When one is pregnant, it seems like your entire life revolves around the fact that you are pregnant. I actually knew I was pregnant at about three and a half weeks, and had it confirmed at four. I was out of town, but I wondered if it was to early to go get a pee stick to see if I was or not. So I kind of didn't say anything for about four days, woke up early Tuesday morning in the beginning of March, snuck into the bathroom, and whizzed on a stick. I came back pregnant.
As soon as I got that, I headed to the Airforce Base to have it confirmed, because it's free there, being an Airforce Spouse. They did a blood draw and I went home, to my husband still in bed (he was working swings and got home late) asking me where I went. I just told him I had to run an errand until I got the phone call a little later, yep! I was! When I got that news, Gus knew. I was actually planning on getting pregnant about this time of year if we hadn't gotten pregnant already, but if it didn't happen when it did, I don't know when it would have because Gus's schedule has been all over the place. So I guess the kidling was going to come when it was going to happen, otherwise it might have been a while. I guess things happen for a reason.
I actually sat on this news for about a month, I told my horse friends because I wasn't riding as much as usual and they just seemed to find out. I didn't want to out and say it, because after the last time, miscarrying, well, even at seven weeks, after knowing for two weeks, it wasn't fun. About a month after it happened, I had people still coming up and congratulating me since they hadn't heard the news that I had miscarried and it kind of stung.
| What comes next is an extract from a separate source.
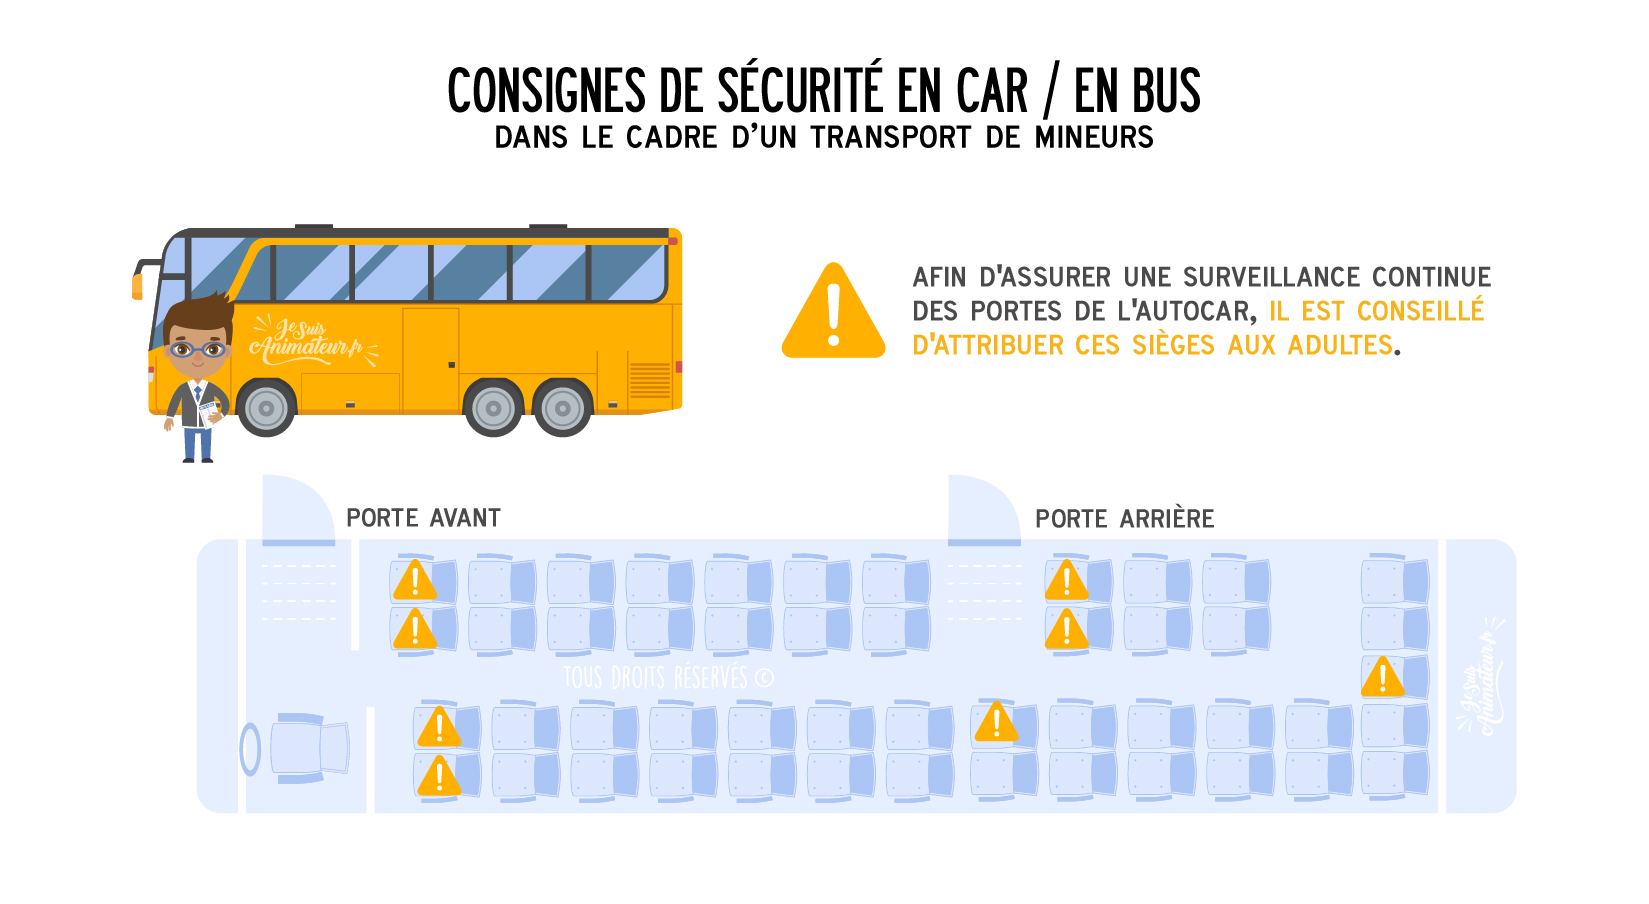 Consignes de sécurité en car / en bus dans le cadre d’un transport de mineurs

Their intentions were good, but it just kind of dug the pain in a little more. I wanted to make sure this time it stuck before I made the formal announcement to the world.
My family finally got the official word in April, when I was about nine weeks along, a couple siblings knew, but everyone else was excited for me. I made the formal announcement on Facebook at about twelve weeks, and as of tomorrow, I'll be seventeen weeks along. I think I felt the quickening, in fact the first time I thought I felt something was at about thirteen weeks, though that is insanely early and it's just been here and there. I'm starting to feel it more and more. We'll likely find out the gender in the beginning of July.
I'm going through a couple Nurse Midwives, going through a hippy phase I guess :P, just because I want to try to go natural. Going natural might be permanent birth control for me too, who knows? I may never want to have another baby after this, but our goal is two. We'll see how up I am for that after I've dealt with an infant for a few months, as we have discovered getting pregnant appears to NOT be a problem. I just knew for whatever reason I was super fertile, and I've never been on any hormones or birth control or any of that. I think in a lot of ways that has kept me pretty healthy. After baby number two comes along, one of us is going to have to get fixed or I have a feeling infants will keep coming, and as exciting as pregnancy is, after the scare with my first miscarriage, I've taken it easy with what kind of activities I do. I really would like to have a life again and do stuff. I feel like I can't do squat right now. We went on a motorcycle ride, I felt ever bump in my uterus.
Can't wait to meet you, babe. Though I do fear losing my independence.